Outline the most important risk factors that predict conduct disorder

A

Impulsiveness
low IQ
low school achievement
poor parental supervision
punitive or erratic parental discipline
cold parental attitude
child physical abuse
parental conflict
disrupted families
antisocial parents
large family size
low family income
antisocial peers
high delinquency rate schools
high crime neighbourhoods

27
Q

Explain what is meant by SNAP-IV

A

Assesses child behaviour.

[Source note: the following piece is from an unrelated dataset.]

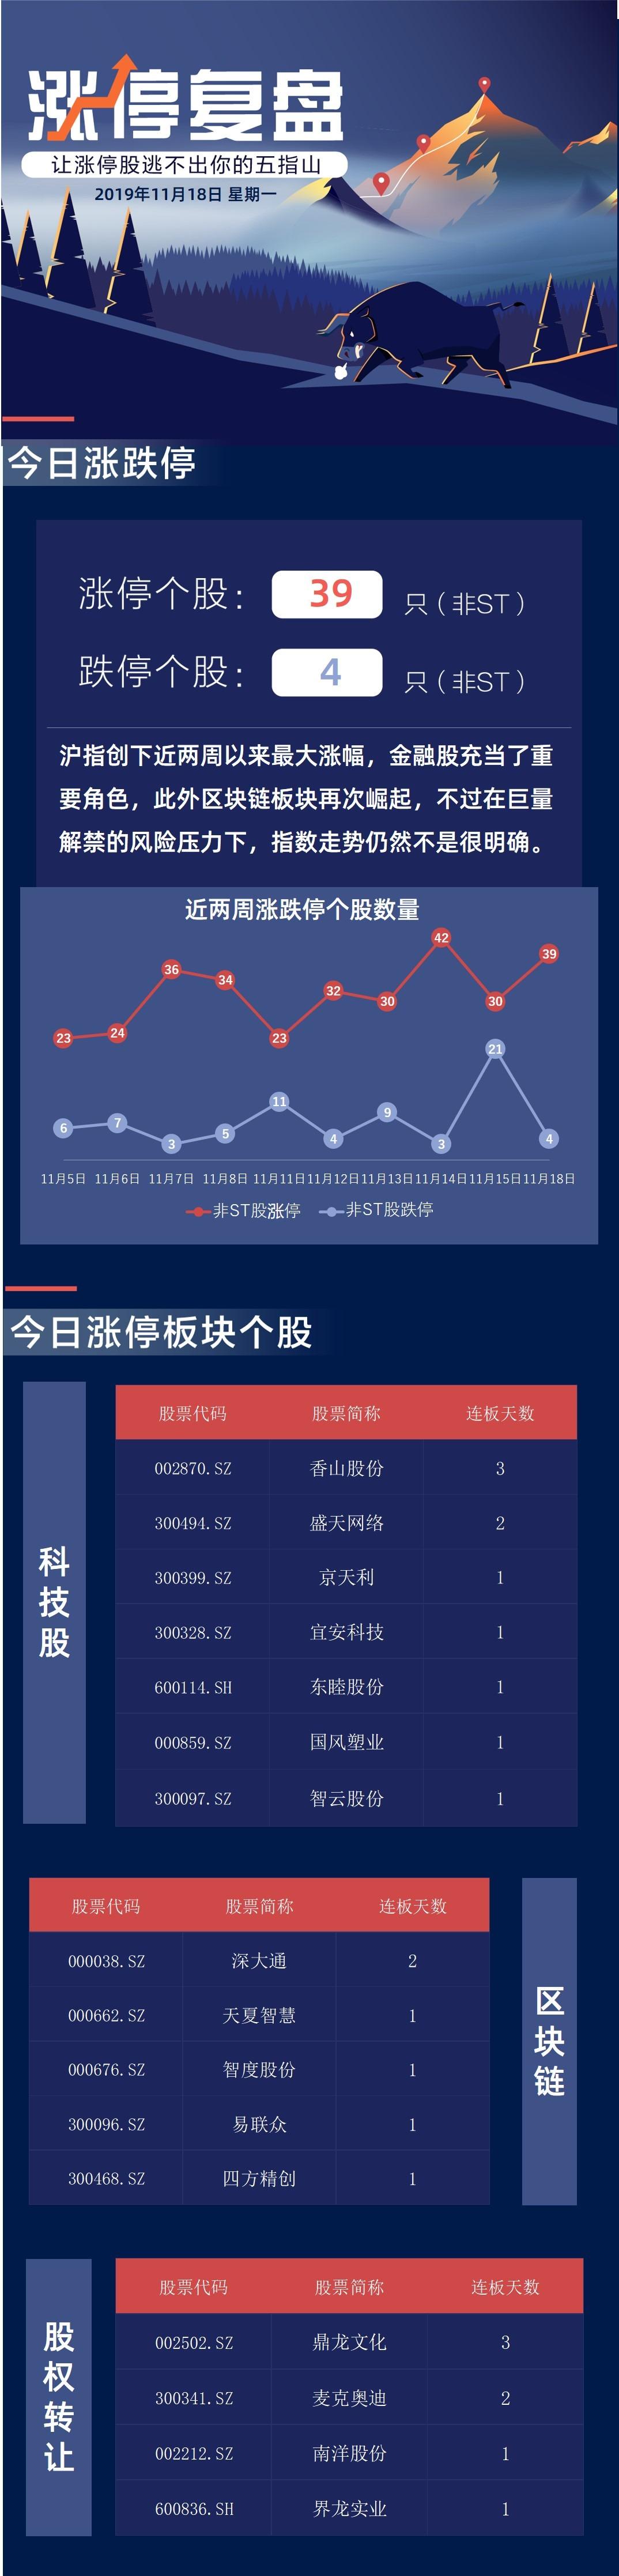 利发国际手机版利发厅-国庆期间 西安火车站高峰期开启18个实名制验证通道

Completed by a parent.

Items from the DSM-IV criteria for attention-deficit/hyperactivity disorder (ADHD) are included for the two subsets of symptoms: Inattention (items 1–9) and Hyperactivity/Impulsivity (items 10– 18).

Also, items from the DSM-IV criteria for oppositional defiant disorder (ODD) are included (items 19–26) because ODD is often present in children with ADHD.

28
Q

What is the Parenting Scale?

A

The Parenting Scale (PS) is brief measure of parenting behaviour that measures ‘mistakes’ in discipline of children (Blair Irvine et al, 1999).

The PS identifies three factors: (a) Laxness, (b) Over-reactivity, and (c) Hostility

The Laxness factor describes the ways in which parents give in, allow rules to go unenforced, or provide positive consequences for misbehaviour.

The Over-reactivity factor reflects mistakes such as displays of anger, meanness, and irritability.

The Hostility factor reflects warmth and support.

The respondent indicates their position between an ineffective response versus its more effective counterpart on a 7-point scale.